### Building a Model To predict Emails Open Rates (OR%) , Based on the following Features 
- Time ( month of the year , quarter of the year , day of the week )
- Pirority of email , main or reminder 
- Category ( interval , final )
- Number of emails sent in each subject
- Constructed Features
 - Length of the subject 
 - Personalization of Email
 - Having emoji or not
 - Casual tone or formal 
 - Urgency at the subject 
 - Metion of price or discount in the subject 
 - Imperative tone in the subject 
 - Mention of product in the subject

In [None]:
#importing libraries 
import pandas as pd
from sklearn.model_selection import train_test_split
from sklearn.preprocessing import OneHotEncoder
from sklearn.compose import ColumnTransformer
from sklearn.pipeline import Pipeline
from sklearn.linear_model import LinearRegression
from sklearn.metrics import mean_squared_error, r2_score,mean_absolute_error
import statsmodels.api as sm
import matplotlib.pyplot as plt


In [None]:
#r reading the data as a dataframe
df = pd.read_csv("model_data.csv")

In [None]:
df.info()

In [None]:
columns_to_drop = [ "translation", "CTR clean %","Date","Month"]  
df = df.drop(columns=columns_to_drop, errors='ignore')

In [None]:
# Convert to datetime
df['Sent date'] = pd.to_datetime(df['Sent date'], errors='coerce')

# Create a Month column (numeric)
df['Month'] = df['Sent date'].dt.month


In [None]:

import re

def count_word_letters(text):
    text = str(text)
    
    # 1️⃣ Remove emoji codes like &#x1f4b0; or &#128512;
    text = re.sub(r'&#x?[0-9A-Fa-f]+;?', '', text)
    
    # 2️⃣ Remove template/formatted patterns {% ... %} and {{ ... }}
    text = re.sub(r'{%.*?%}', '', text)
    text = re.sub(r'{{.*?}}', '', text)
    
    # 3️⃣ Remove HTML entities like &amp;, &lt;, etc.
    text = re.sub(r'&[a-zA-Z]+;', '', text)
    
    # 4️⃣ Count only alphabetic letters (a-z, A-Z)
    return len(re.findall(r'[A-Za-z]', text))

# Apply to your DataFrame
df['letter_count'] = df['Subject'].apply(count_word_letters)



now i will drop subject


In [None]:
df = df.drop(columns='Subject', errors='ignore')

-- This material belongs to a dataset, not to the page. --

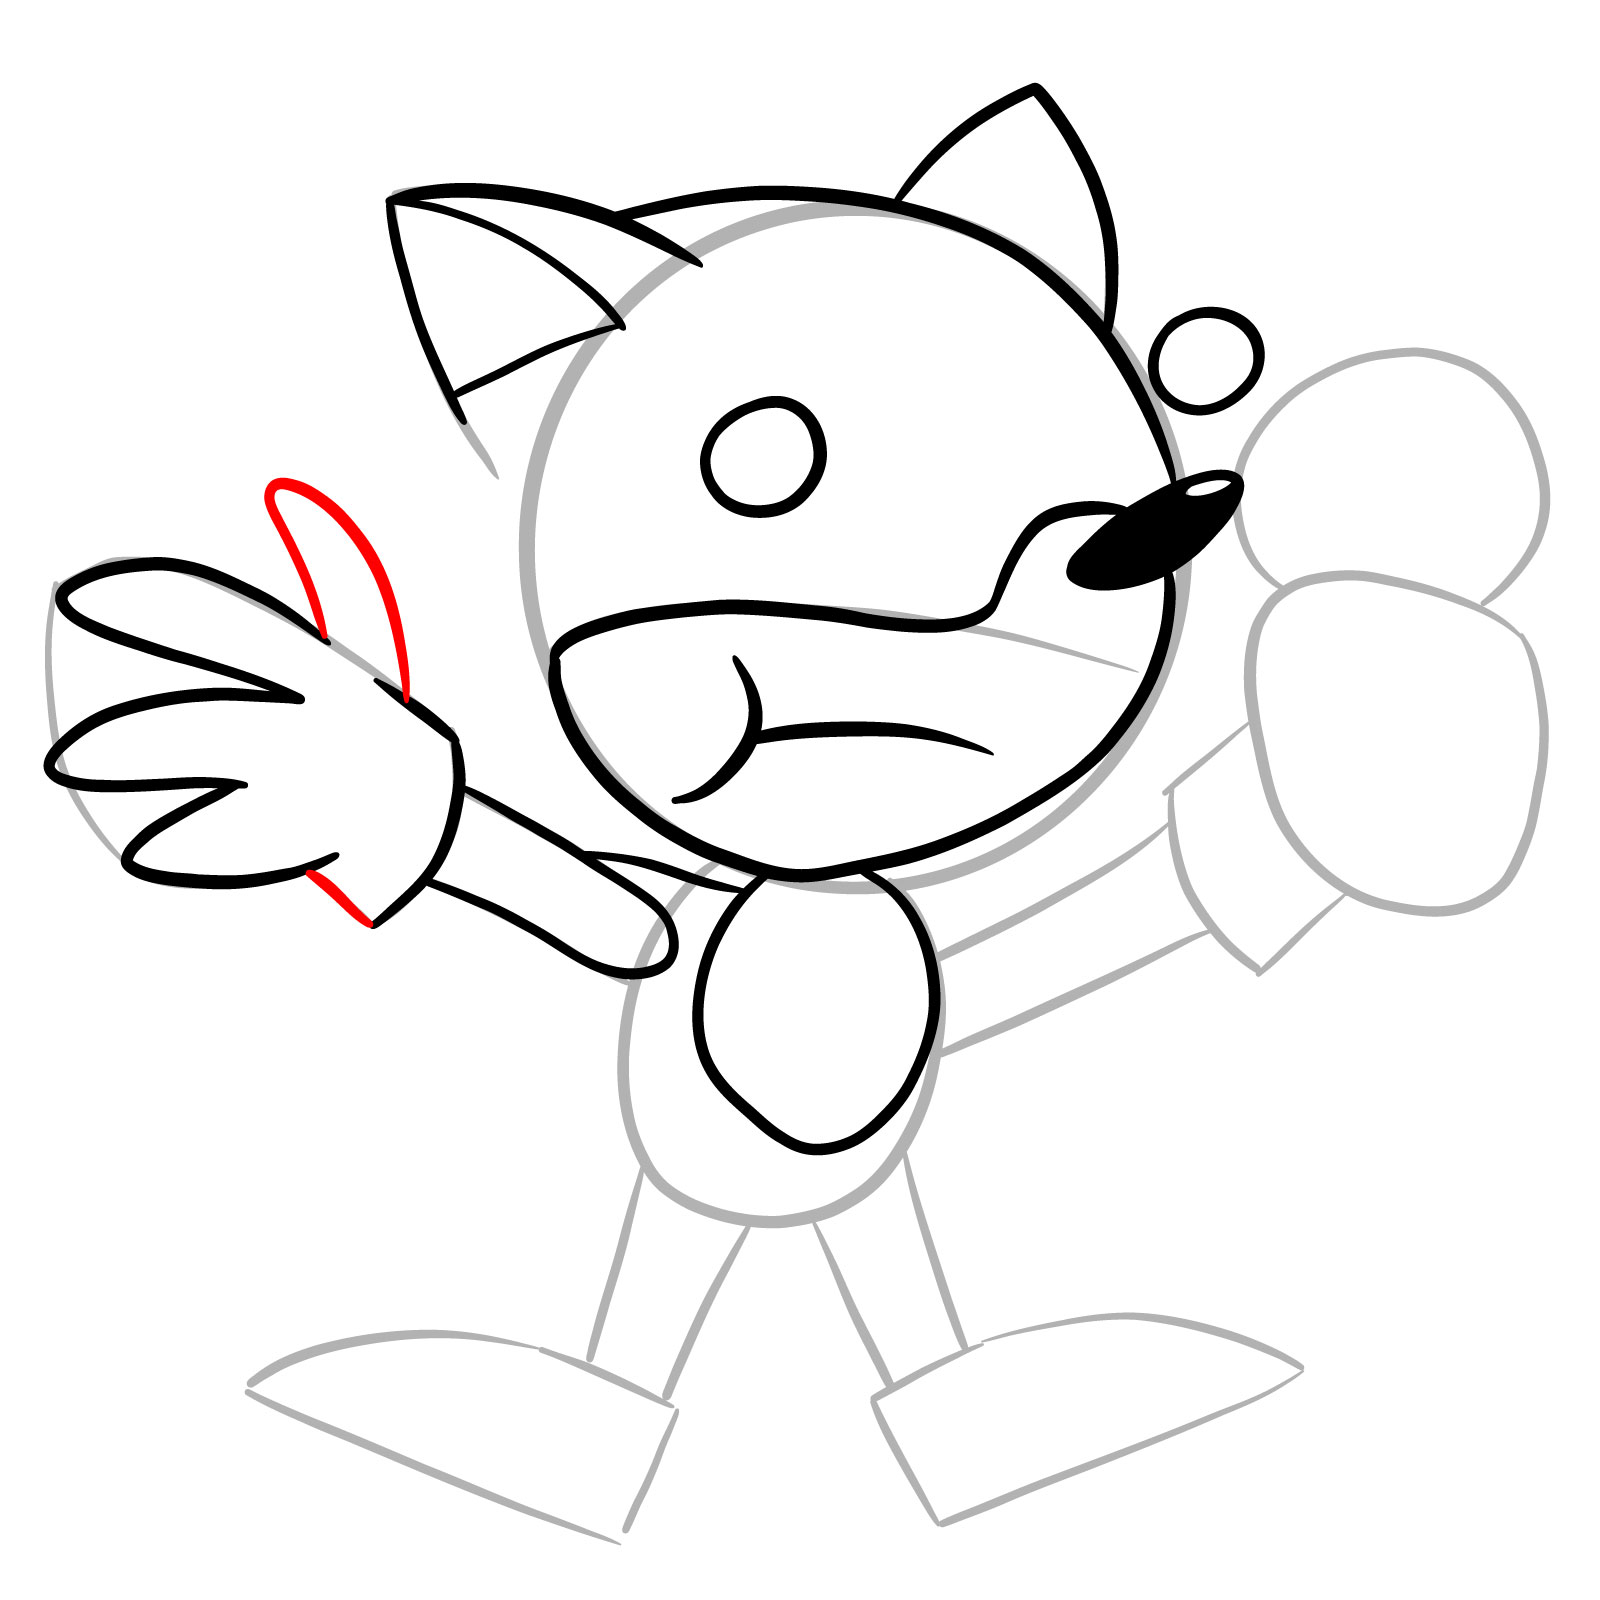 How to draw Sonic.Exe - FNF - Sketchok easy drawing guides

Next , I will confirm that the values in "OR clean %" is a valid percentage 

In [None]:
# Check if all values are between 0 and 1
valid_percentage = df['OR clean %'].between(0, 1).all()

if valid_percentage:
    print("All values in 'OR clean %' are valid percentages (0 to 1).")
else:
    # Show which rows are invalid
    invalid_rows = df[~df['OR clean %'].between(0, 1)]
    print("Some values are outside 0 to 1:")
    display(invalid_rows)


In [None]:
import pandas as pd
import numpy as np
from scipy import stats

def get_column_outliers(df, columns=['Sendings', 'OR clean %'], threshold=3):
    """
    Detect outliers in each specified numeric column using Z-score.
    
    Parameters:
    - df: pandas DataFrame
    - columns: list of column names to check
    - threshold: Z-score cutoff (default 3)
    
    Returns:
    - Dictionary: column name -> DataFrame of outlier rows
    """
    outlier_dict = {}
    
    for col in columns:
        if col in df.columns:
            col_data = df[col]
            z_scores = np.abs(stats.zscore(col_data.dropna()))
            col_outliers = df.loc[col_data.dropna().index[z_scores > threshold]]
            outlier_dict[col] = col_outliers
        else:
            print(f"Warning: Column '{col}' not found in DataFrame.")
            outlier_dict[col] = pd.DataFrame()  # empty DataFrame if column not found
    
    return outlier_dict

# Example usage
outliers = get_column_outliers(df, columns=['Sendings', 'OR clean %'], threshold=3)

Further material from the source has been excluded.